Ever since we managed to put men on the moon, we've been looking for other places for people to go. Then bigger and better telescopes led us to exoplanets, those outside our solar system. Somewhere along the way, we switched from thinking of pure exploration to colonizing other planets. But our bodies were built for Earth. Even if we find an exoplanet with an oxygen-rich atmosphere, liquid water, and tolerable temperatures, would we be able to live with a different level of gravity?
If its gravity is too strong our blood will be pulled down into our legs, our bones might break, and we could even be pinned helplessly to the ground.
Finding the gravitational limit of the human body is something that’s better done before we land on a massive new planet. Now, in a paper published on the pre-print server arXiv, three physicists, claim that the maximum gravitational field humans could survive long-term is four-and-a-half times the gravity on Earth.
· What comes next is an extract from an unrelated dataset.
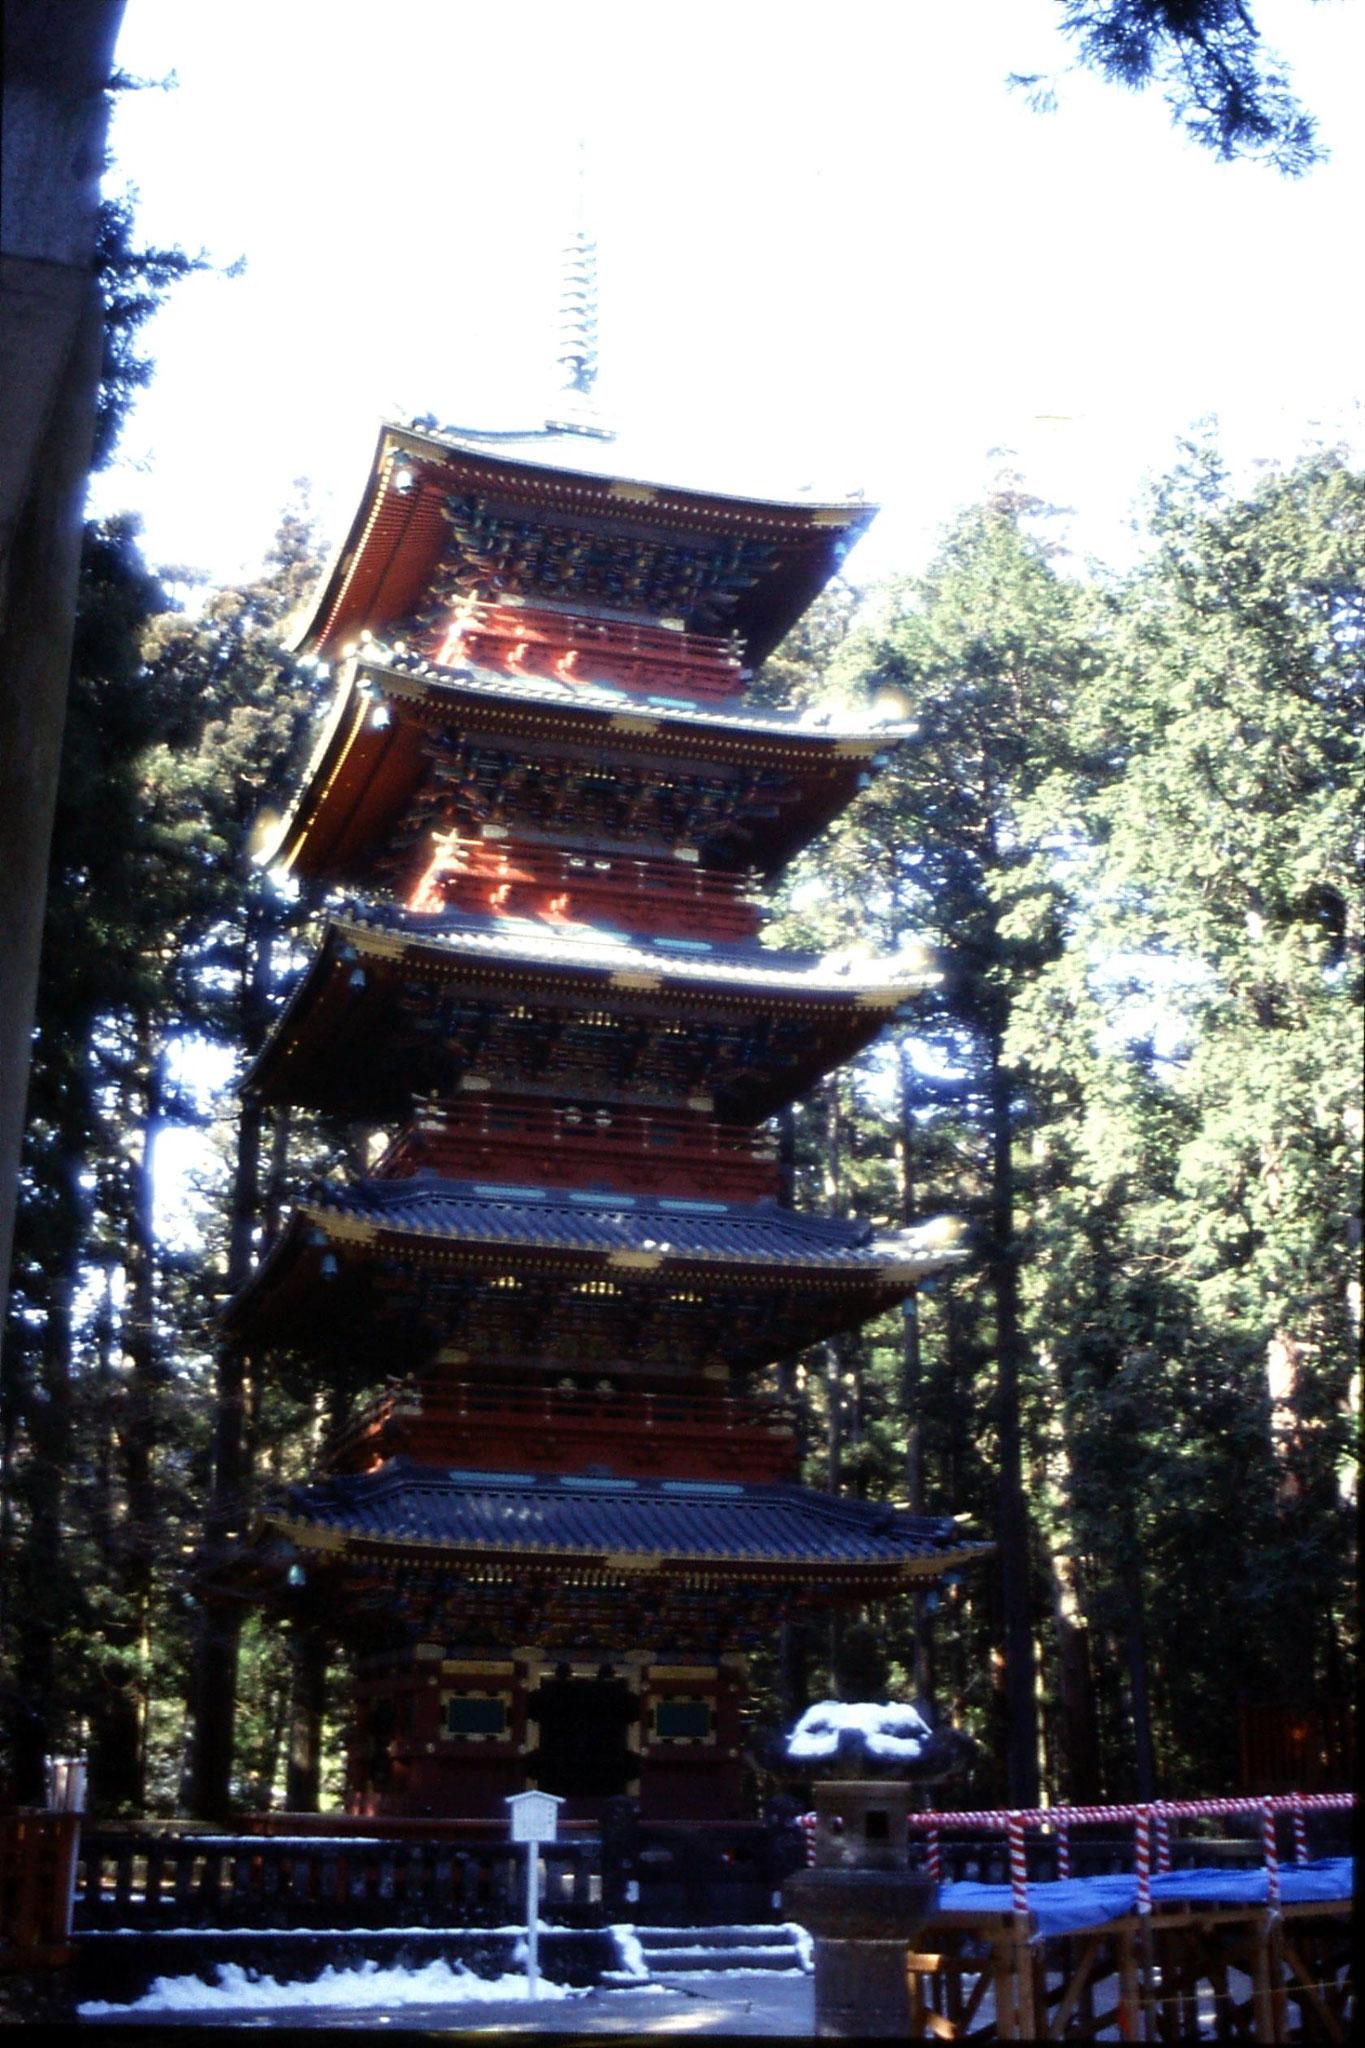 31/1/1989: 12: Nikko Tushugu Pagoda
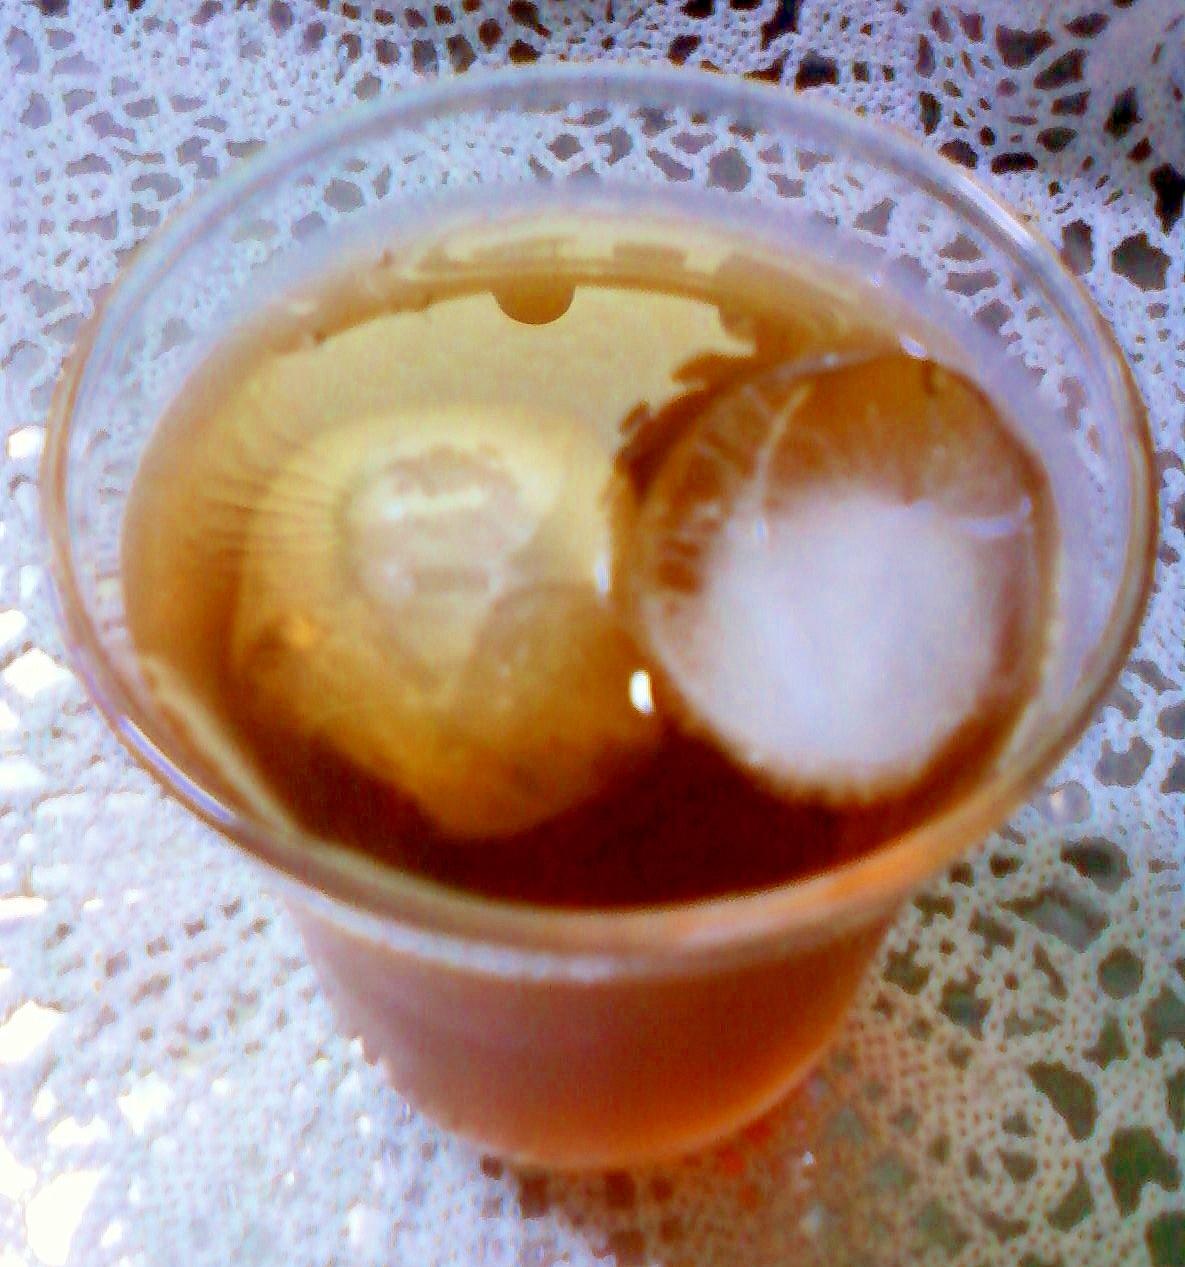 ☆。.:*:★ブランデー入り麦茶紅茶☆。.:*:★

Read how they figured that out at Discover magazine. -via Digg
(Image credit: NASA/Ames/JPL-Caltech)
3g is often cited as a limit for space craft in situations where astronauts are expected to reach controls above them from a reclined position and that is not an absolute limit, but has some safety margin.
The paper calculates 4.6g max for walking using numbers world-record log carry, and later says 3.5g is more reasonable for a trained athlete. That doesn't seem that unreasonable to me, even if I would guess it is a bit on the high side.
In a reclined position, people can handle quite a bit more, so using an appropriately designed wheel chair they could go probably to almost twice that...
Plasmagryphon, you must have an opinion on this.